Tranfer stations of soviet-style metros are kind-of similar to transfers at DC metros – the two lines intersect at 60-120 degree angle so the connecting escalators/walkways can be as short as possible. The biggest difference is that in DC, they prefer side platforms, while Moscow metro and its “descendants” use island platform (making navigation easier but requiring two flights of escalators instead of just one)
I wouldn’t say the DC Metro ‘prefers’ side platforms, but with the three main transfer stations, they do indeed use them. The lower level is an island platform and the upper level has side platforms, meaning that you only need one escalator link between the two.
The one exception is Fort Totten station, which has two island platforms. The Red Line is on top, traveling elevated along the railroad ROW – the mezzanine and faregates are in the middle, and the Green line tracks are below.
Alex, thanks, for clarification, it’s nearly 7 years since I visited DC. ;)
Well, not entirely fair about Paris. For one, the lines that were built together have some examples of cross-platform transfers, such as between the 7 and 10 at Jussieu, the 7 and 5 at Gare de l’Est, and the 4 and 6 at Raspail. Even better, the original RER has cross-platform transfers at all three major stations — the A and B at Chatelet, the A and D at Gare de Lyon, and the B and D at Gare du Nord — designed specifically to allow diagonal commutes across the region.
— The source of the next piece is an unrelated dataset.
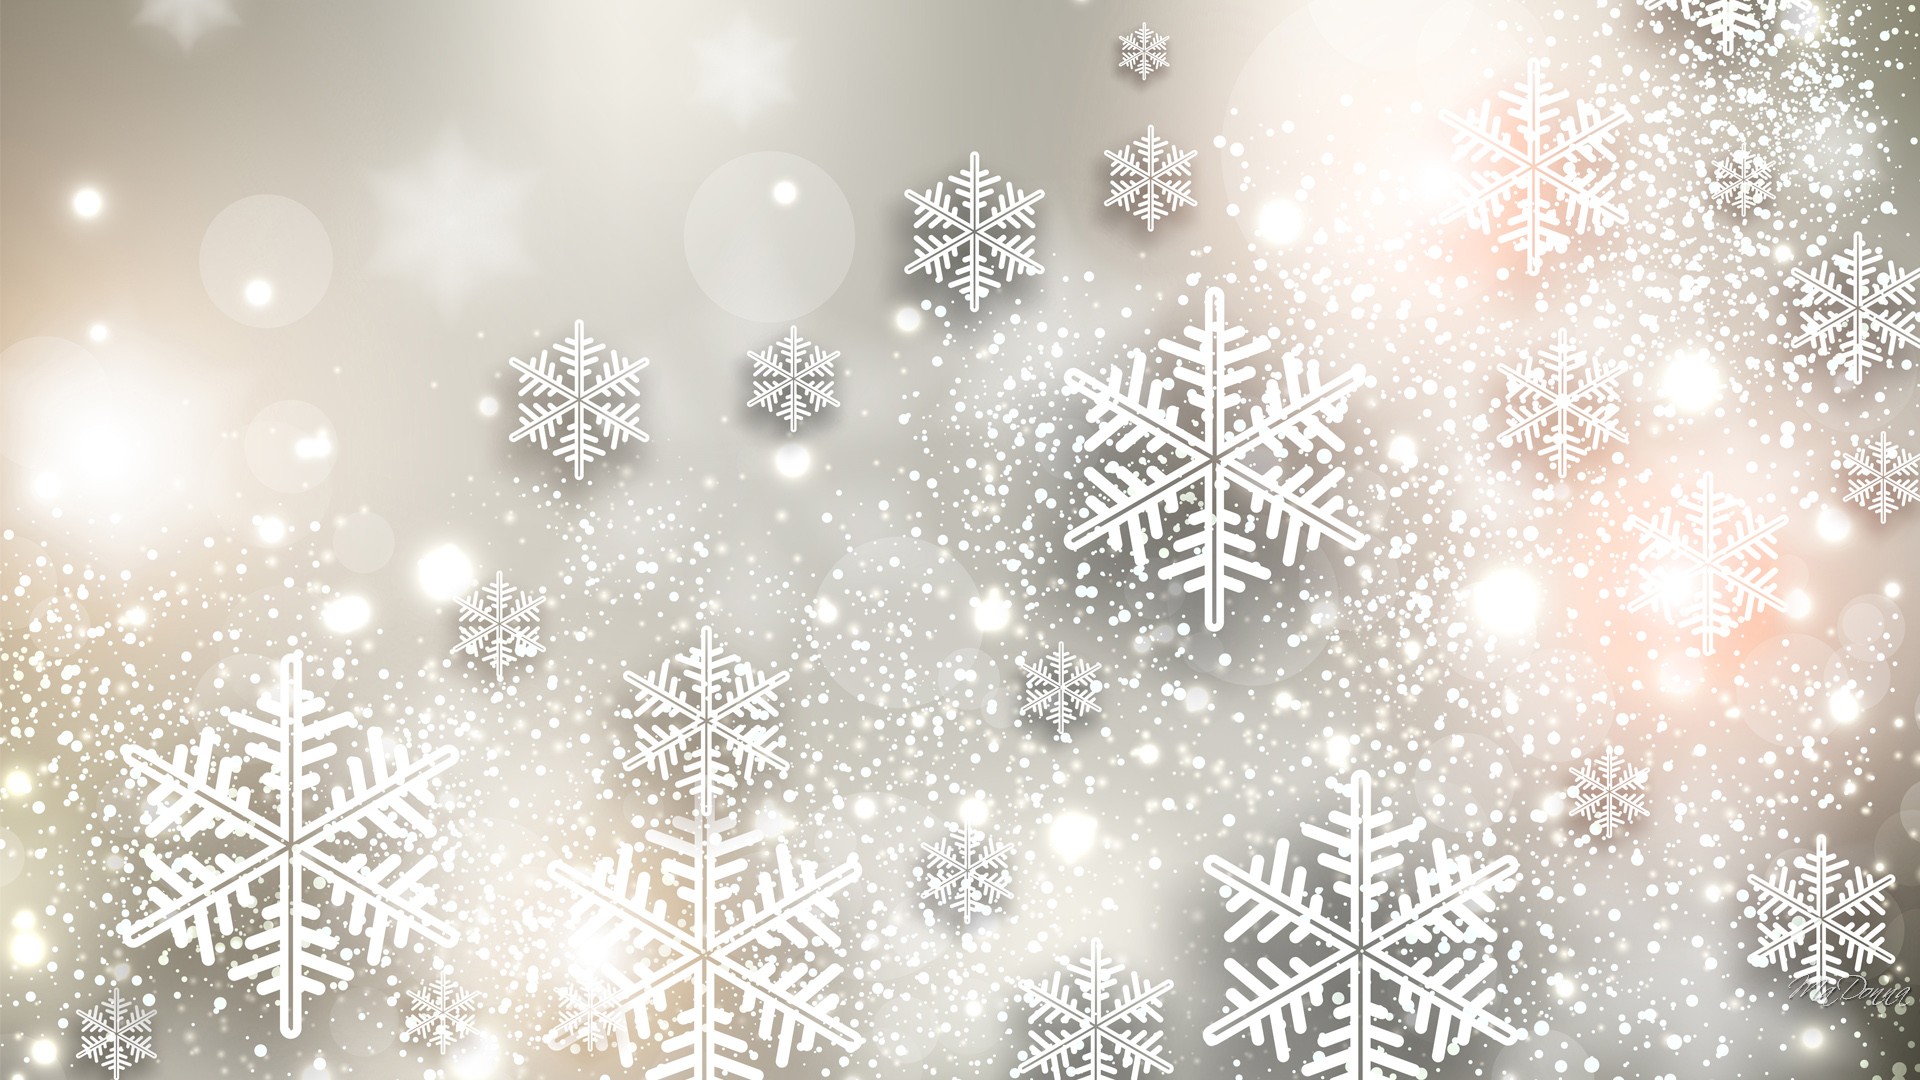 4. "White and Silver Snowflakes" - wide 4

There are quite a few reasons (or explanations):
• Subways were/are planned and designed as bunch of lines, and not as a network.
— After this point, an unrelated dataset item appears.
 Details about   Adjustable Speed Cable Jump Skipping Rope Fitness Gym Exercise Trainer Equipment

• Subways were/are planned line-wise, meaning that often, technical specifications are adjusted to the specifics of that particular line.
• As subways (may) have very dense schedules, it may not be possible to funnel two lines through the same stations, which means that for serving a certain place with several lines, you will need different stations.
• Digging tunnels in dense cities can be extremely difficult, as you will have to take into account many different (and contradicting) circumstances.
• Constructing in a dense city is very expensive, and the bigger the diameter of the cavern, and the deeper underground, the more expensive it gets. It is therefore most economical to create pedestrian tunnels, as compared to widen stations.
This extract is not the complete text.